* **Instructions to follow**
From the entries that follow, reproduce exactly and only the lines from the line with "Mi gato Blaky con su mantita esponjosa" to the line with "Glückwünsche w ftpmi", endpoints included.

* **Exercise material**
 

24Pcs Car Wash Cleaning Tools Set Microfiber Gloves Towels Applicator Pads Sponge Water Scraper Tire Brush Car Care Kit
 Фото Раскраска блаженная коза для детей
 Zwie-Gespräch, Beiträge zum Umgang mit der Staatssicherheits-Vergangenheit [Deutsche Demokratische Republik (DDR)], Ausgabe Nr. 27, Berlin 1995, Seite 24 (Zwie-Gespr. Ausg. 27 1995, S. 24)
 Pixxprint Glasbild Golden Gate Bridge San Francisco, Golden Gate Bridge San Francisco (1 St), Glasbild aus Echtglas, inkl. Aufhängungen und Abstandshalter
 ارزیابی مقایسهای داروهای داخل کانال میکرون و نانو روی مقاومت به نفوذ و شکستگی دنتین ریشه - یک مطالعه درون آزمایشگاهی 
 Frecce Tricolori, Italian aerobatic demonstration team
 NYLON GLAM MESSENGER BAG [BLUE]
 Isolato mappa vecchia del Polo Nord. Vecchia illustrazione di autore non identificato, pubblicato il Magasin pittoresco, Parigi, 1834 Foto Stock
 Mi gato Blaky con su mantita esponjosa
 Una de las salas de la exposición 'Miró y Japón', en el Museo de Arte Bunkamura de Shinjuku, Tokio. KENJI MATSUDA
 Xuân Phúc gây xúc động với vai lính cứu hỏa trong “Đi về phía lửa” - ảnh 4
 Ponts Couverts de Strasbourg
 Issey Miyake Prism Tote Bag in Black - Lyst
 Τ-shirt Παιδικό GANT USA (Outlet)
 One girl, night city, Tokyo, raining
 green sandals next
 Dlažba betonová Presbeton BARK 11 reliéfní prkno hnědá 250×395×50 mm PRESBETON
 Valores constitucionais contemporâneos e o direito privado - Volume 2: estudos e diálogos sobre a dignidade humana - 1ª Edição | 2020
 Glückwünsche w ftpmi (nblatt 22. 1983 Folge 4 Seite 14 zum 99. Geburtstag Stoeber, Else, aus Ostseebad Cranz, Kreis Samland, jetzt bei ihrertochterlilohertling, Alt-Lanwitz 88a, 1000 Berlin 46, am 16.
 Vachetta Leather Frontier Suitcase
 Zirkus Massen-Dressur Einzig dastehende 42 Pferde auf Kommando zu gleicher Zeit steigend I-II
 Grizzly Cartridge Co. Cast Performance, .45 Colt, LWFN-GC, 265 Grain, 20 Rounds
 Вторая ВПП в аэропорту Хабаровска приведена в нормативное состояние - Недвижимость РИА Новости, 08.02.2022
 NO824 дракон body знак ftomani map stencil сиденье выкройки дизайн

* **Finished task**
 Mi gato Blaky con su mantita esponjosa
 Una de las salas de la exposición 'Miró y Japón', en el Museo de Arte Bunkamura de Shinjuku, Tokio. KENJI MATSUDA
 Xuân Phúc gây xúc động với vai lính cứu hỏa trong “Đi về phía lửa” - ảnh 4
 Ponts Couverts de Strasbourg
 Issey Miyake Prism Tote Bag in Black - Lyst
 Τ-shirt Παιδικό GANT USA (Outlet)
 One girl, night city, Tokyo, raining
 green sandals next
 Dlažba betonová Presbeton BARK 11 reliéfní prkno hnědá 250×395×50 mm PRESBETON
 Valores constitucionais contemporâneos e o direito privado - Volume 2: estudos e diálogos sobre a dignidade humana - 1ª Edição | 2020
 Glückwünsche w ftpmi (nblatt 22. 1983 Folge 4 Seite 14 zum 99. Geburtstag Stoeber, Else, aus Ostseebad Cranz, Kreis Samland, jetzt bei ihrertochterlilohertling, Alt-Lanwitz 88a, 1000 Berlin 46, am 16.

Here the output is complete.